Gradient Steepest Descent

22 Views Asked by At

In the book I am currently reading, the steepest descent is described as follows: $$\min_{\mathbf{x}} \frac{1}{2}x'Qx - x'b$$ Let this quadratic problem be the initial position and Q must be positive semidefinite. Then the first-order condition is given as: $$Qx^* = b$$ Then as usual for gradient search, iterate over: $$x = x - a \cdot g$$ with gradient $$g = Qx - b$$ This results in the optimum a: $$\underset{x}{\text{argmin}} \: f(x - ag) = a = \frac{g'g}{g'Qg} $$ Thus steps are the eigenvectors of Q, which are orthogonal to each other, which shows up in the typical "zig-zagging" of Steepest Descent.

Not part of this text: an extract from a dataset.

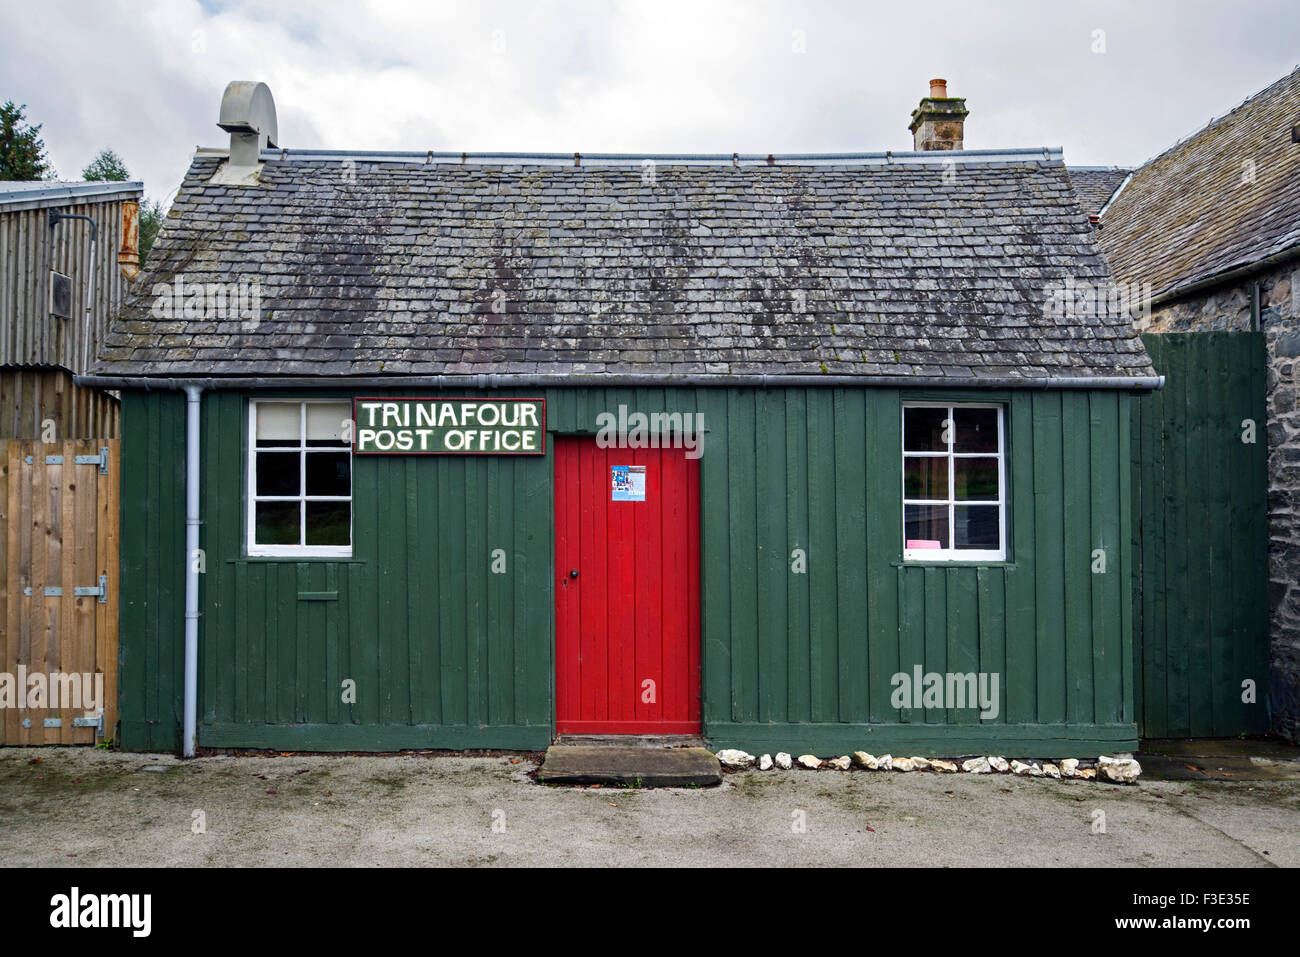 Oficina de Correos Trinafour, parte de Atholl Country Life Museum, en el pueblo de Blair Atholl, Perthshire, Escocia. Foto de stock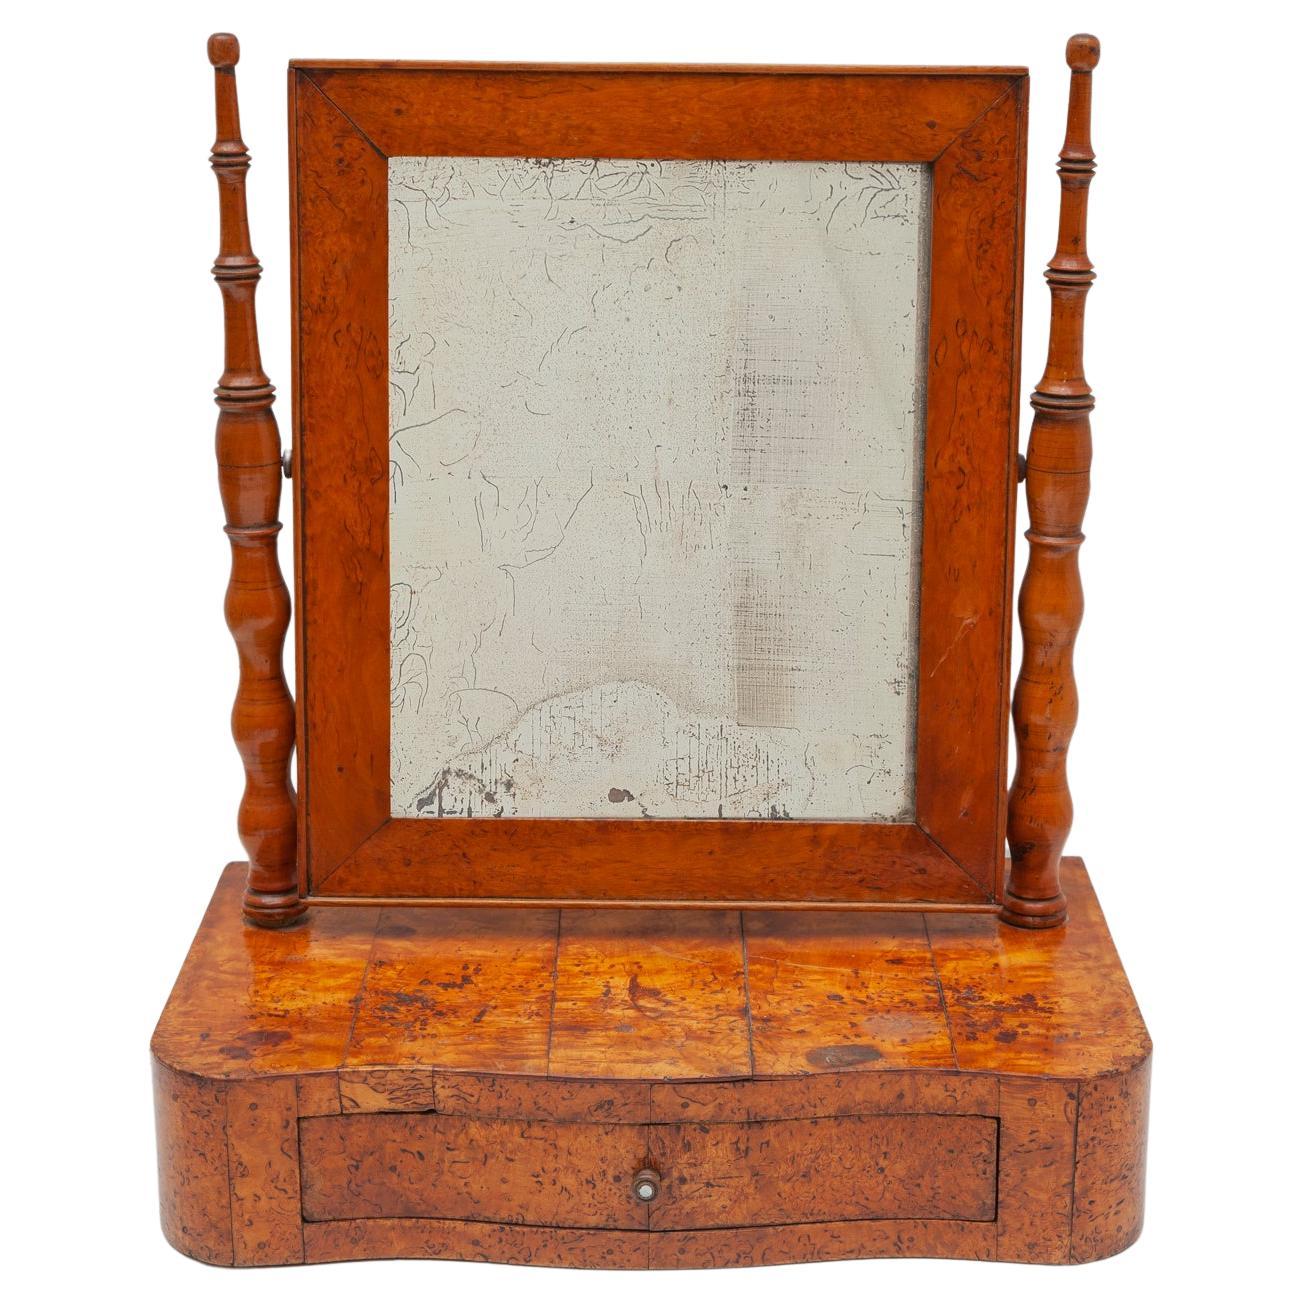 Antique Biedermeier Vanity Table Mirror in Burlwood, 19th Century, Germany For Sale

Now related to this I got 3 questions:

  1. What is meant by Q? Given a function $x_1^2 + x_1 \cdot x_2 + x_2^2$ is it meant to be the restated problem(?): $\begin{bmatrix} x_1 & x_2 \end{bmatrix} \cdot \begin{bmatrix} 1 & 0.5 \\ 0.5 & 1 \end{bmatrix} \cdot \begin{bmatrix} x_1 \\ x_2 \end{bmatrix} $ But for which functions does that work? Only for quadratic or can I rewrite any (convex) function like that?
  2. I cannot see how the eigenvectors of Q are involved. Can anyone show how we get from the optimal a to the eigenvectors of Q?
  3. I was told that steepest descent implicitly contains the assumptions that the Hessian matrix of the function is rather stable. How is that implied in this approach?